9.5 The kinetic-molecular theory (Page 2/6)

Chemistry Page 2 / 6

This figure shows 3 pairs of pistons and cylinders. In a, which is labeled, “Charles’s Law,” the piston is positioned for the first cylinder so that just over half of the available volume contains 6 purple spheres with trails behind them. The trails indicate movement. Orange dashes extend from the interior surface of the cylinder where the spheres have collided. This cylinder is labeled, “Baseline.” In the second cylinder, the piston is in the same position, and the label, “Heat” is indicated in red capitalized text. Four red arrows with wavy stems are pointing upward to the base of the cylinder. The six purple spheres have longer trails behind them and the number of orange dashes indicating points of collision with the container walls has increased. A rectangle beneath the diagram states, “Temperature increased, Volume constant equals Increased pressure.” In b, which is labeled, “Boyle’s Law,” the first, baseline cylinder shown is identical to the first cylinder in a. In the second cylinder, the piston has been moved, decreasing the volume available to the 6 purple spheres to half of the initial volume. The six purple spheres have longer trails behind them and the number of orange dashes indicating points of collision with the container walls has increased. This second cylinder is labeled, “Volume decreased.” A rectangle beneath the diagram states, “Volume decreased, Wall area decreased equals Increased pressure.” In c, which is labeled “Avogadro’s Law,” the first, baseline cylinder shown is identical to the first cylinder in a. In the second cylinder, the number of purple spheres has changed from 6 to 12 and volume has doubled. This second cylinder is labeled “Increased gas.” A rectangle beneath the diagram states, “At constant pressure, More gas molecules added equals Increased volume.” — (a) When gas temperature increases, gas pressure increases due to increased force and frequency of molecular collisions. (b) When volume decreases, gas pressure increases due to increased frequency of molecular collisions. (c) When the amount of gas increases at a constant pressure, volume increases to yield a constant number of collisions per unit wall area per unit time.

Molecular velocities and kinetic energy

The previous discussion showed that the KMT qualitatively explains the behaviors described by the various gas laws. The postulates of this theory may be applied in a more quantitative fashion to derive these individual laws. To do this, we must first look at velocities and kinetic energies of gas molecules, and the temperature of a gas sample.

In a gas sample, individual molecules have widely varying speeds; however, because of the vast number of molecules and collisions involved, the molecular speed distribution and average speed are constant. This molecular speed distribution is known as a Maxwell-Boltzmann distribution, and it depicts the relative numbers of molecules in a bulk sample of gas that possesses a given speed ( [link] ).
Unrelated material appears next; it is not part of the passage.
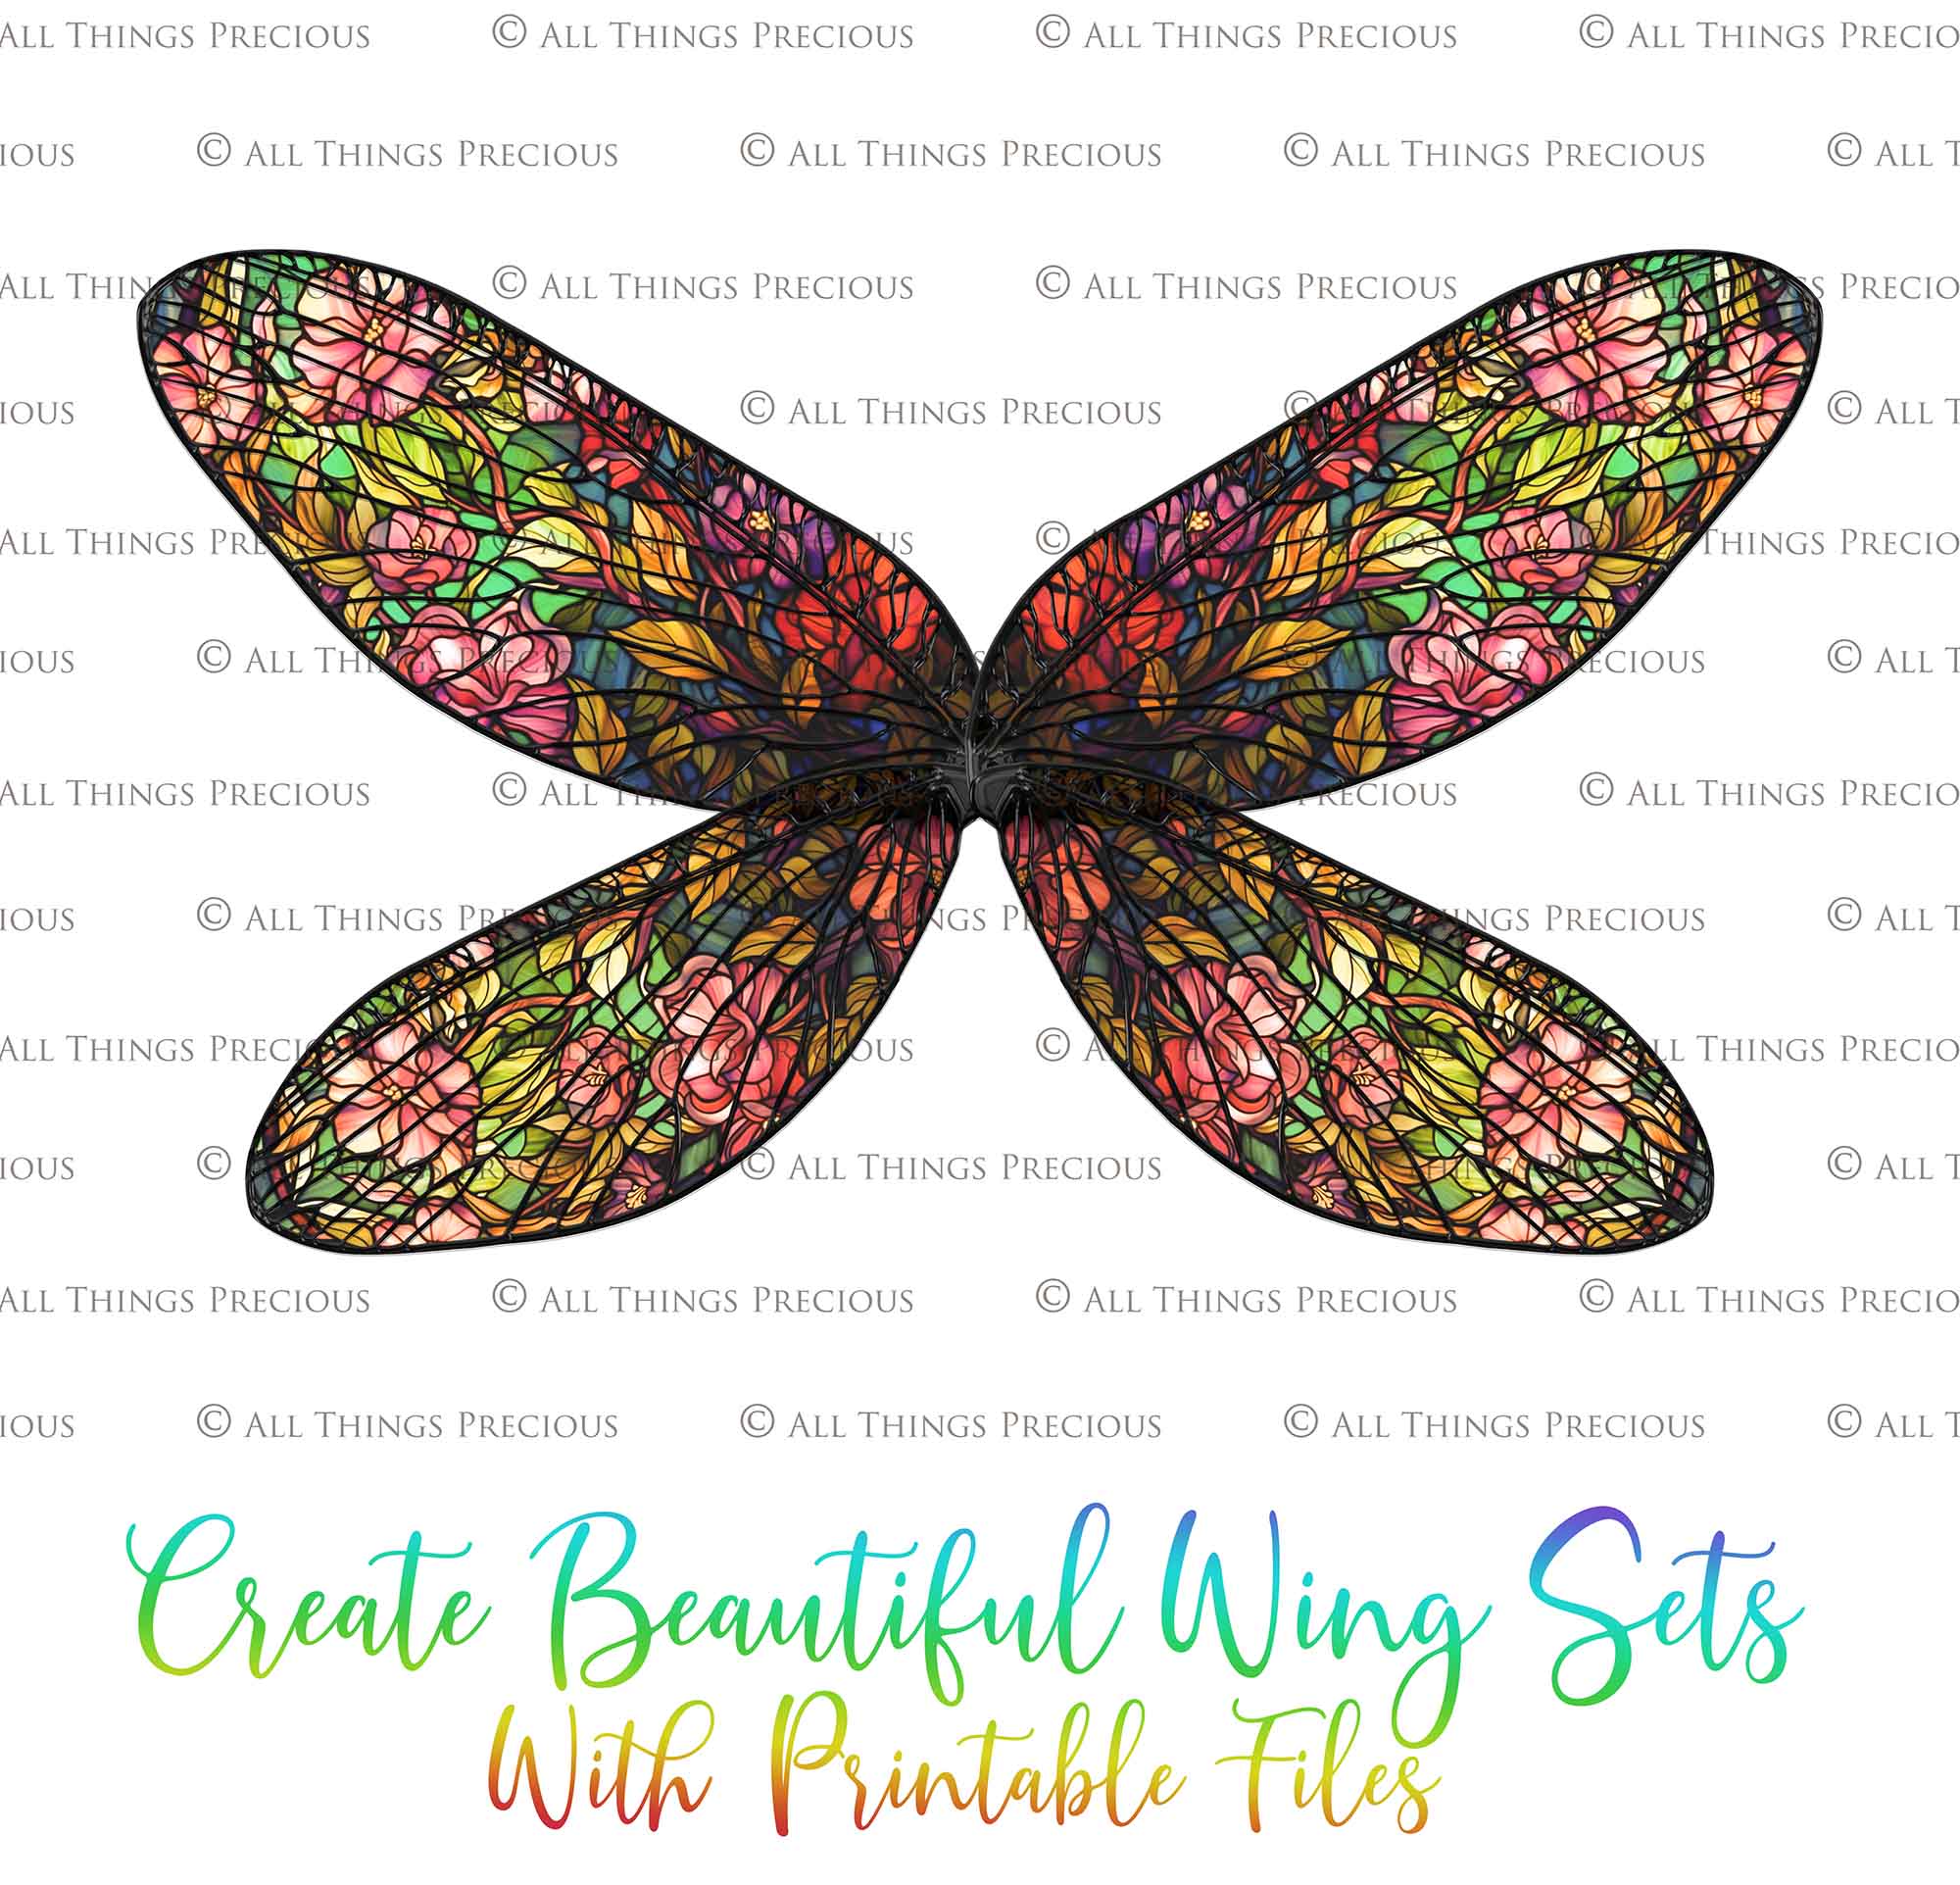 Printable Wings template. For Adult sized wings, child wings, Art dolls. Fairy wings for cosplay. Faerie fantasy, festival, halloween, Costume. Print and assemble. Pattern for making fairy wings.  High resolution Files. Png Overlays. Stained Glass.

A graph is shown. The horizontal axis is labeled, “Velocity v ( m divided by s ).” This axis is marked by increments of 20 beginning at 0 and extending up to 120. The vertical axis is labeled, “Fraction of molecules.” A positively or right-skewed curve is shown in red which begins at the origin and approaches the horizontal axis around 120 m per s. At the peak of the curve, a point is indicated with a black dot and is labeled, “v subscript p.” A vertical dashed line extends from this point to the horizontal axis at which point the intersection is labeled, “v subscript p.” Slightly to the right of the peak a second black dot is placed on the curve. This point is labeled, “v subscript r m s.” A vertical dashed line extends from this point to the horizontal axis at which point the intersection is labeled, “v subscript r m s.” The label, “O subscript 2 at T equals 300 K” appears in the open space to the right of the curve. — The molecular speed distribution for oxygen gas at 300 K is shown here. Very few molecules move at either very low or very high speeds. The number of molecules with intermediate speeds increases rapidly up to a maximum, which is the most probable speed, then drops off rapidly. Note that the most probable speed, ν _p , is a little less than 400 m/s, while the root mean square speed, u _rms , is closer to 500 m/s.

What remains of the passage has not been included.